It may have started raining but that doesn’t dampen the crowd’s enthusiasm, who cheer everytime the pre-show piped music stops despite the roadies still fiddling with their instruments. But eventually, the man himself John Butler comes onto stage to many screams and much clapping, accompanied by bassist and keyboardist Byron Luiters and perpetually grinning drummer Grant Gerathy. They warm up with a short piece, John on banjo almost duelling himself. But then it’s straight into the music with the insanely catchy ‘Better Than That’ showing off the wonky, bright sound of the banjo.

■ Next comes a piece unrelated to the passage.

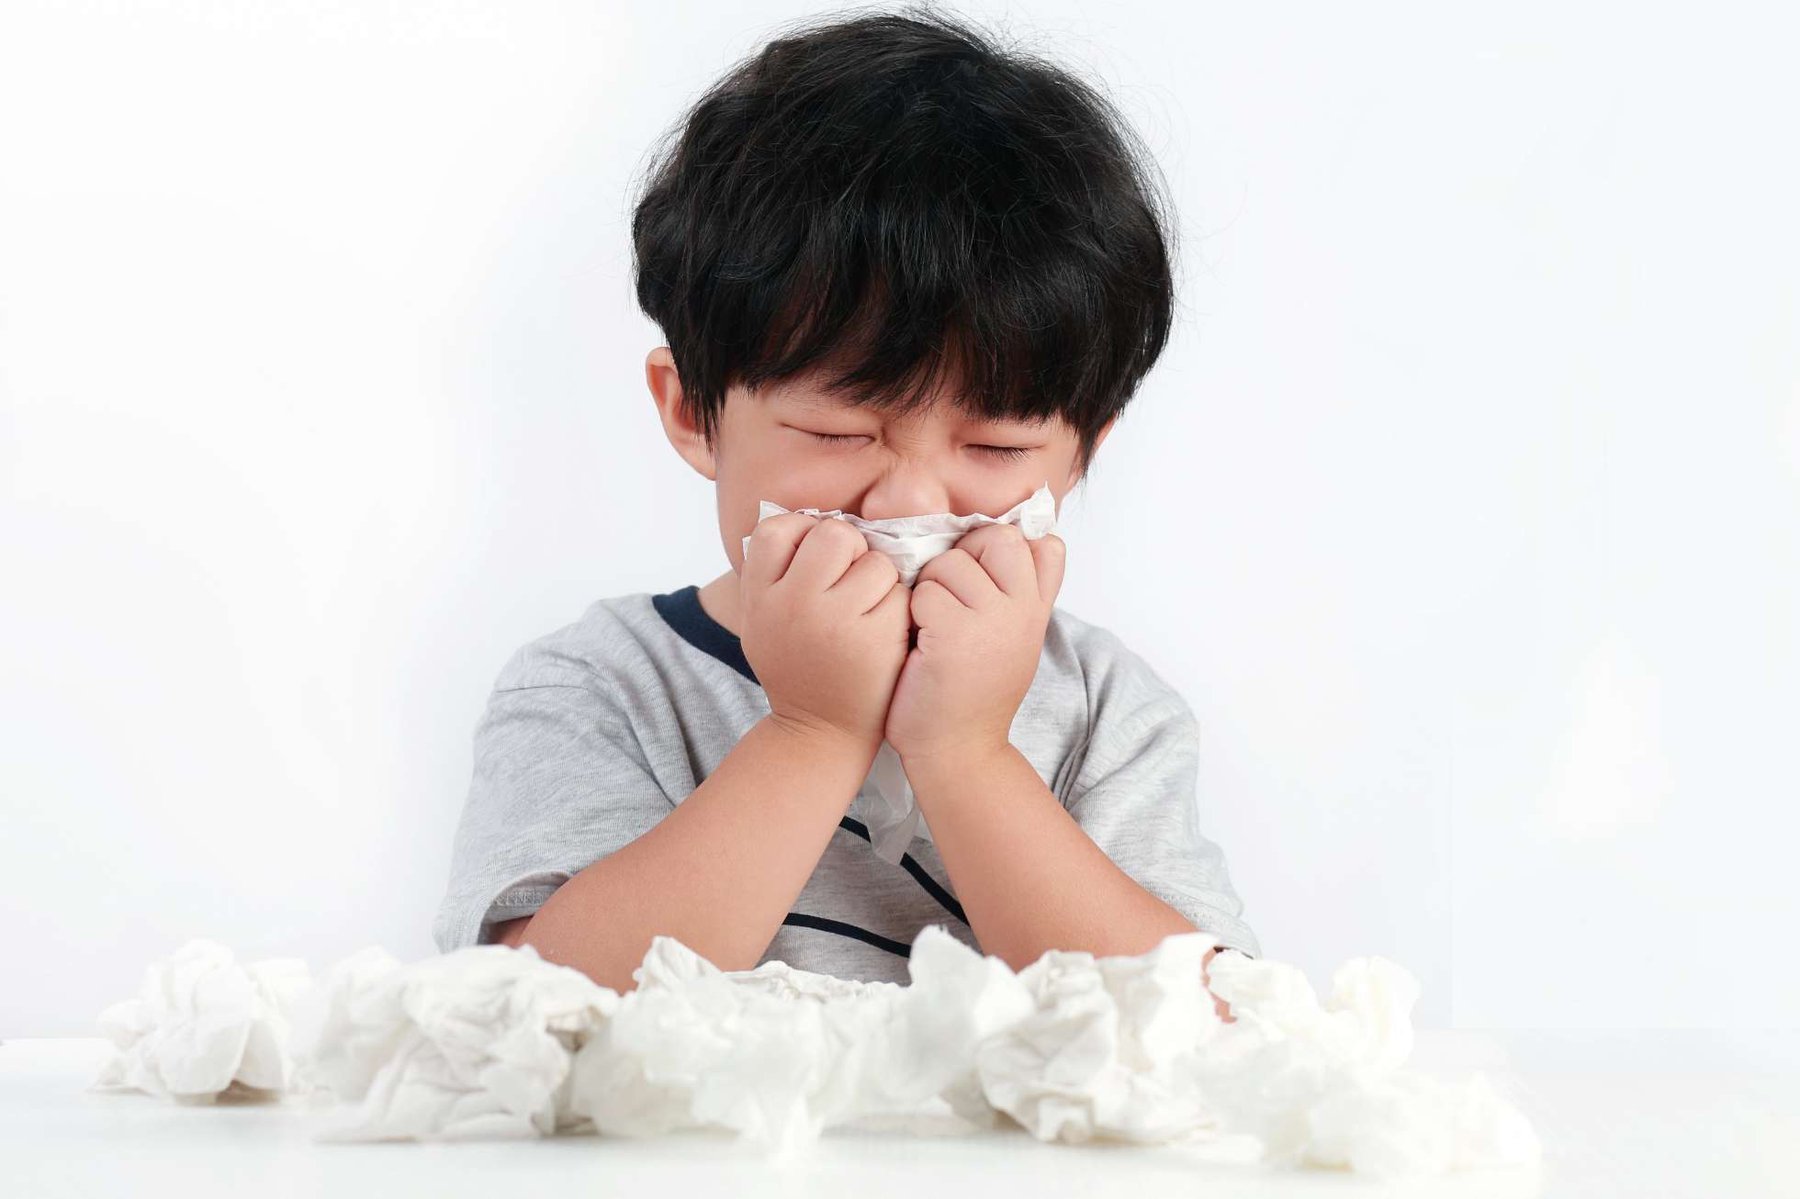 Tiêm vacxin phòng cúm có tác dụng trong bao lâu? - ảnh 1
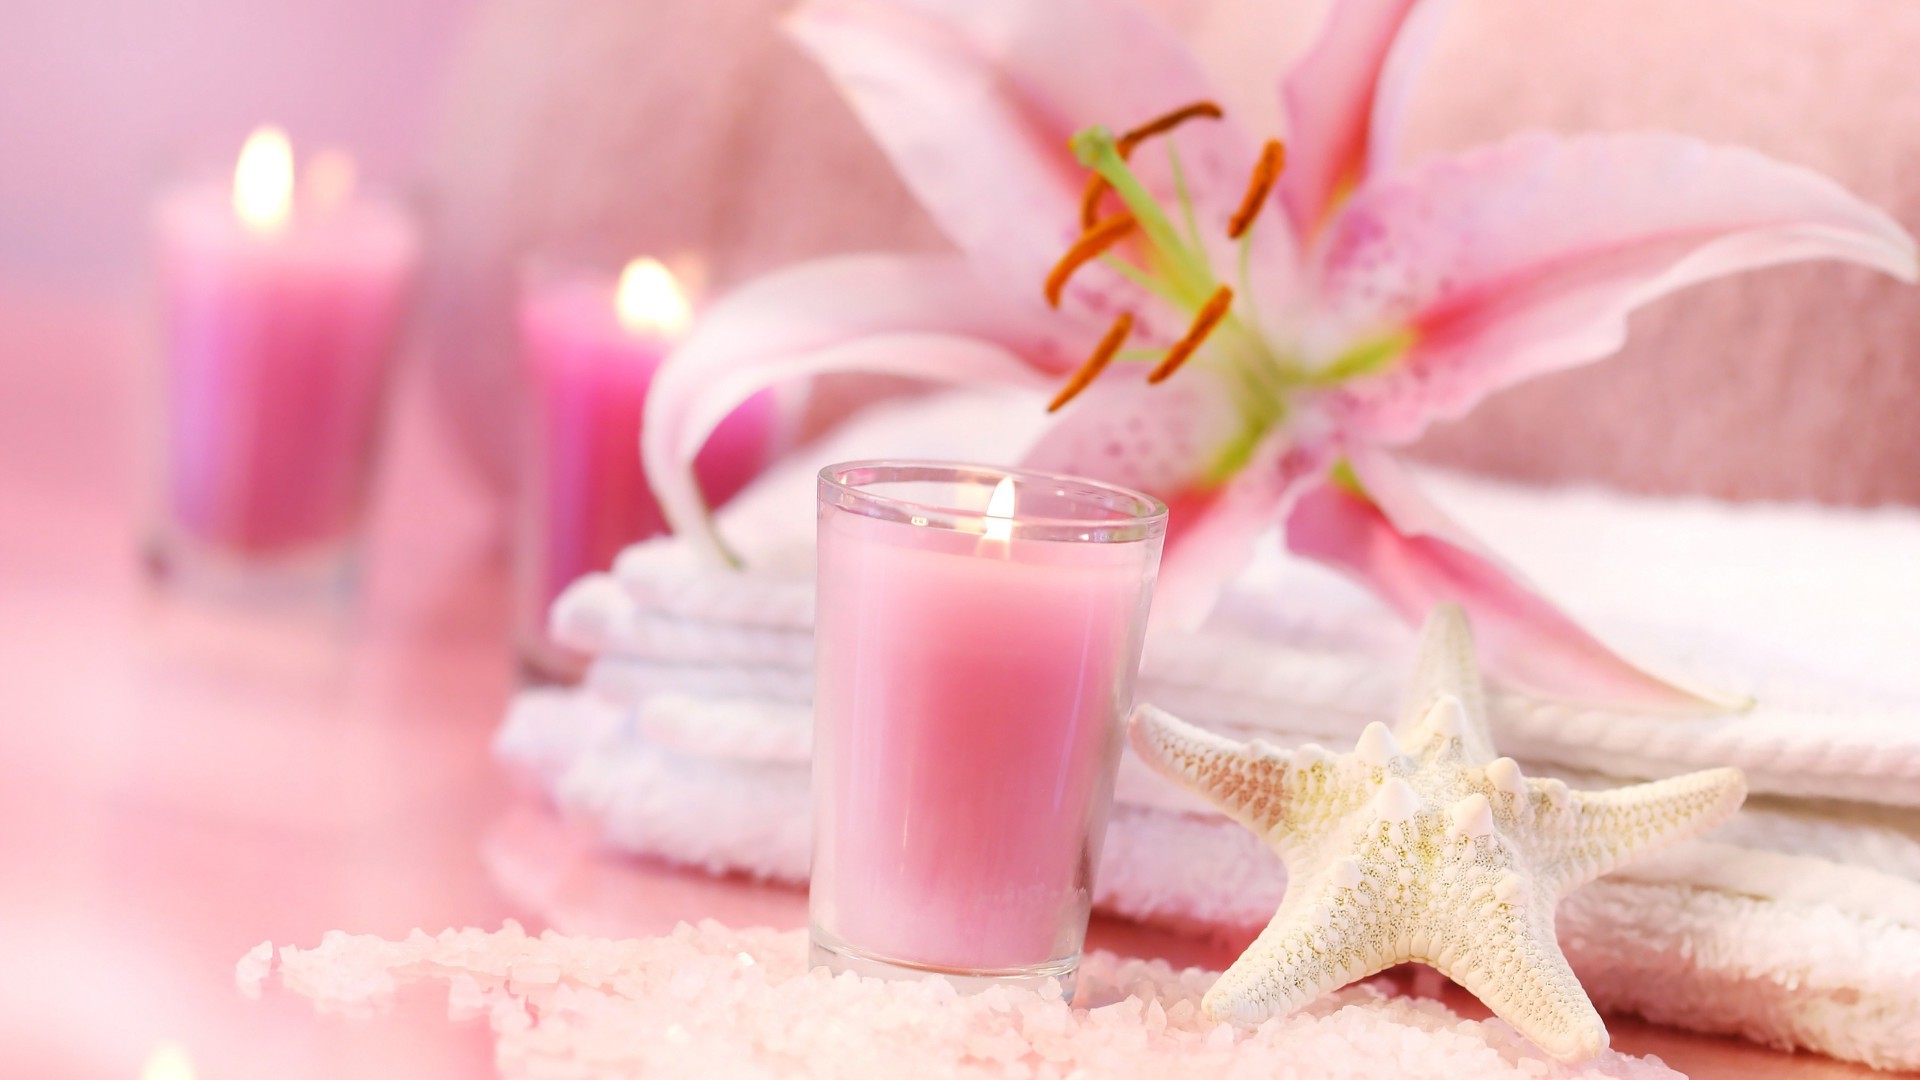 предметы интерьера релаксация лечение цветок ароматерапия свеча роскошные здоровья стекло романтика ванна природа

From there, it’s onto “Don’t Wanna See Your Face” on acoustic guitar and slapped bass. It’s here that John’s intricate fingerwork on the guitar really starts to show through, the crowd cheering at the slightest hint of a solo. This piece winds up with an instrumental flourish, with duels amongst the instruments pushing each other ever further in complexity and concentration. With those crowd favourites out of the way, we get a taste of the band’s more recent material with ‘Blame It On Me’. Featuring John switching to electric guitar (as has been the trend with his newer material), it features reggae hints such as echoing percussion and skanking guitar, with the middle actually a fairly experimental reverbed solo.

The undisputed highlight of the set was the next song, the ten minute long ‘Ocean’. With his bandmates leaving the stage, it’s simply one man, one acoustic guitar, one bass drum pedal and a sea of sound. Using the guitar’s body as percussion, the song slowly develops until the melody and rhythm are almost indistinguishable as the blissful sound echoes and winds around the mountain stage. With each finger hitting a different string, John weaves an entrancing web of melody and rhythm. It ends with electronic elements coming in and with a calm withdrawal, leaving the audience cheering for a good minute afterwards.

‘Pickapart’ starts with incredible fast fingerwork, John’s long nails flying across the nylon strings of the acoustic. The drums start simple but get more freedom as they go along ending in a drum solo that really shows the amount of rhythm Gran can conjure from his simple kit. The crowd karaoke of ‘Zebra’ gets the crowd back to their excited state and then much to their disappointment, the set’s finish is announced. It’s seen out with a hippy rock song about living in a city, one that particularly strikes home up here in the mountains away from Japan’s normal lifestyle in crowded metropolises.